第16章 力の使い方
『……え、何今の?まさか心配してるの?寺坂君が??あの寺坂君が??』
「あのってなんだよ失礼だな!!?」
「まあ日頃の行いだな……白石、こういう事だ。手配は任せてしまうことにはなるけど、運ぶのくらいは手伝わせてくれ。どうせまた変な方法考えてたんだろ?」
図星をさされてうぐ、となる。
いや、変な方法じゃないし。
ちょっと能力使ったり探偵社の小型船使ったりしようかなとか考えてただけだし。
まとめて浮かせて積んじゃおっかなとか思ってただけだし。
『で、でもこういうのは普通人間の力で行うものじゃなくて機械の力を借りてね?』
「トラックぐらい出すっつうの。うちのやつ使えばいい」
吉田君の提案に私の方が今度は驚いた。
『いやいや、そんな横浜までなんて!!』
「「「いいからお前は黙って大人しく手伝われてろ」」」
『…は、はい……』
言い負かされた。
三対一は酷いよ、三対一は。
村松君と狭間ちゃんと糸成君を見習いたまえ。
「ま、一人で運ぶなんてばかな発想だよな。

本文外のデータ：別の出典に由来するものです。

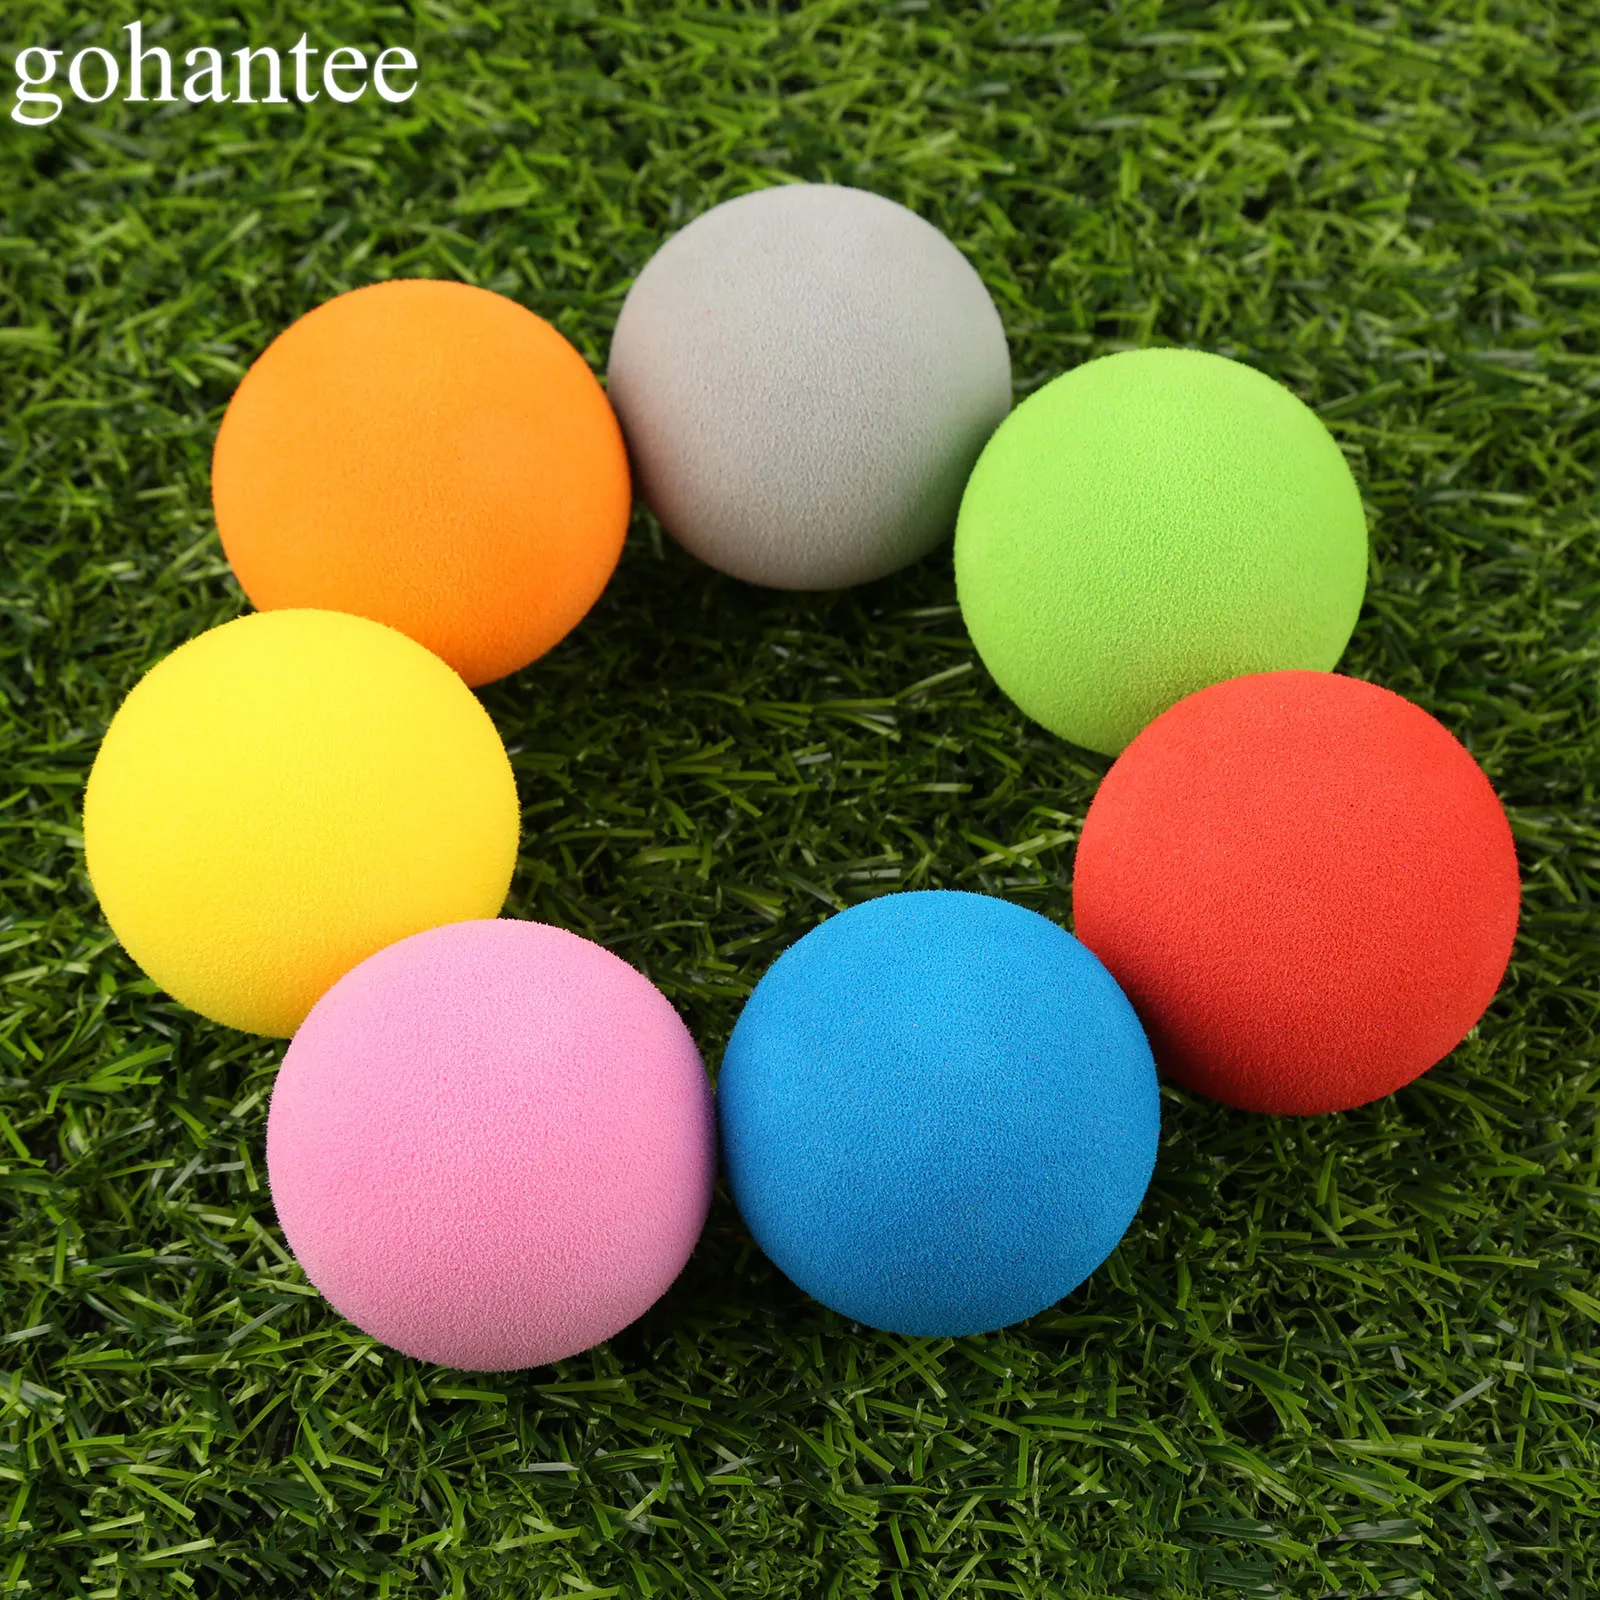 Gohantee, новинка, креативные резиновые мячи для гольфа, 6 видов шаблонов, мячи для игры в гольф, похожие на мячи для игры в регби, футбол, спорт, чемпион, мячи для гольфа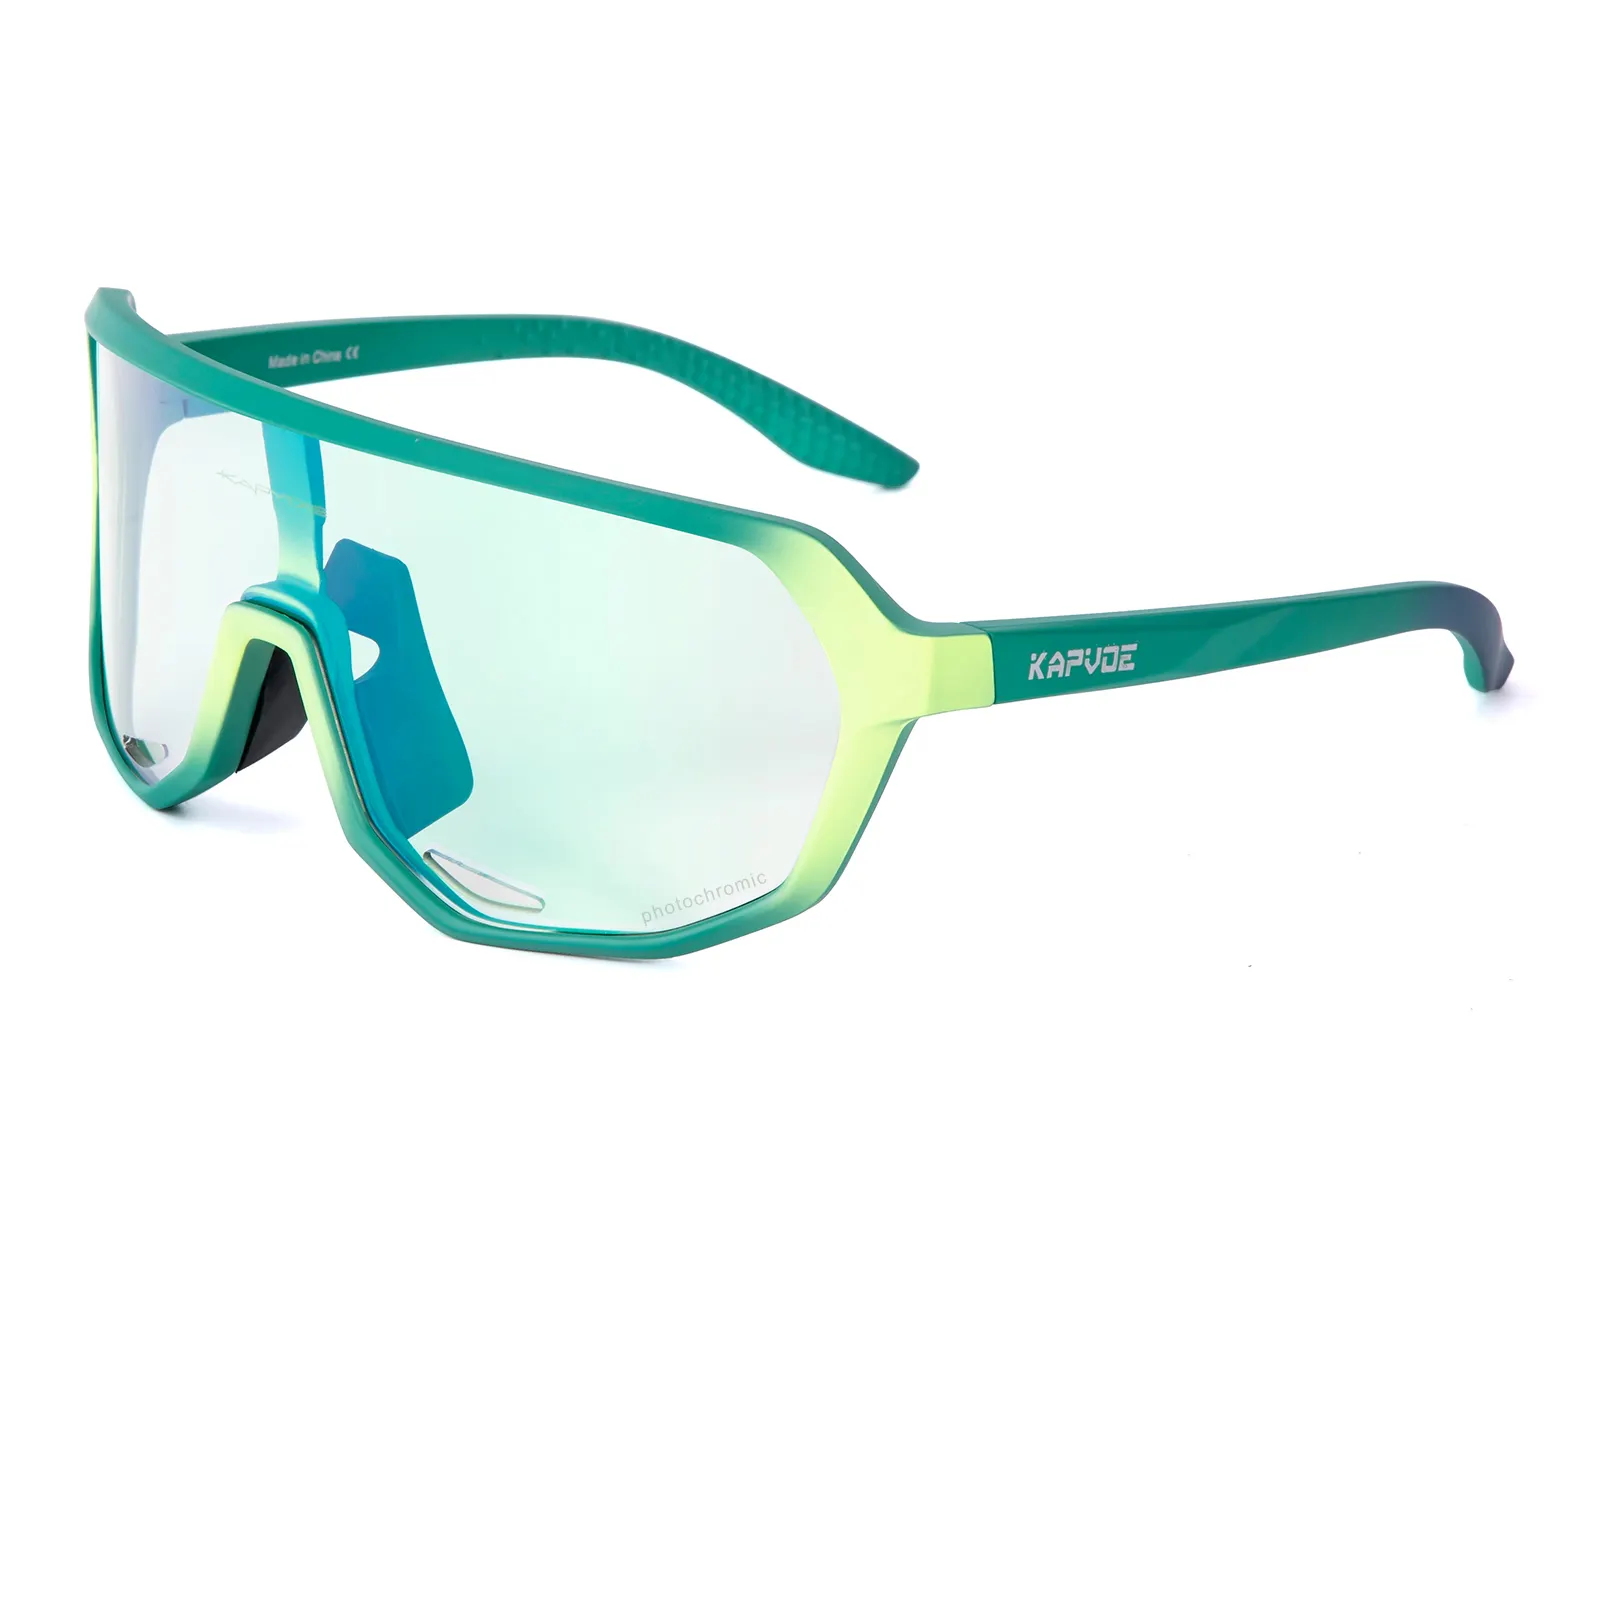 Óculos de bicicleta personalizado com logotipo, óculos verde fotocromático para uso ao ar livre, com uv400, para praia e vôlei

そんな所も天然で可愛いが」
『うん、じゃあ糸成君は今からこれよろしくね』
「誤魔化した」
「無かったことにしたぞ今」
「完っ全に照れてんなあれ」
『何?横浜から歩きで木材運んでくるって?』
「「「仕事に戻りマース」」」
何も聞いてないし聞こえてないよ。
そう、なんにも無かったんだよ。
とりあえず今手元にある材料と道具だけで作れるものから作っていく。
二週間あってこれだけ動き回れる人員がいれば大丈夫だ。
最悪間に合いそうになかったら、その時は私が何とか奥の手を使えばいい。
そして、ふとここに来て頭に思い浮かんだ事が一つ。
そういえば私まだ殺せんせーに会っていないのだけれど…
『……中間テストどうなるんだろう?』
「ぐっ……て、テストか?そりゃあ勿論…………テスト勉強は禁止だとよ」
『あー、そうなるかぁ…じゃあこっちにちゃんと専念できるわけだね、了解。ありがとう教えてくれて』
「?不安は無いのか…?」
『無いよ、私これでも人より勉強はしてきてる自信あるから。ちょっと点数落としちゃうかもしれないけど、A組だけいい顔させるつもりもないし…私以外にも期待できそうな子ならいるしね』
チラリと横目に見た頼れる友達の今後を考えて少しだけ微笑んだ。
今、すっごく良い感じだよ。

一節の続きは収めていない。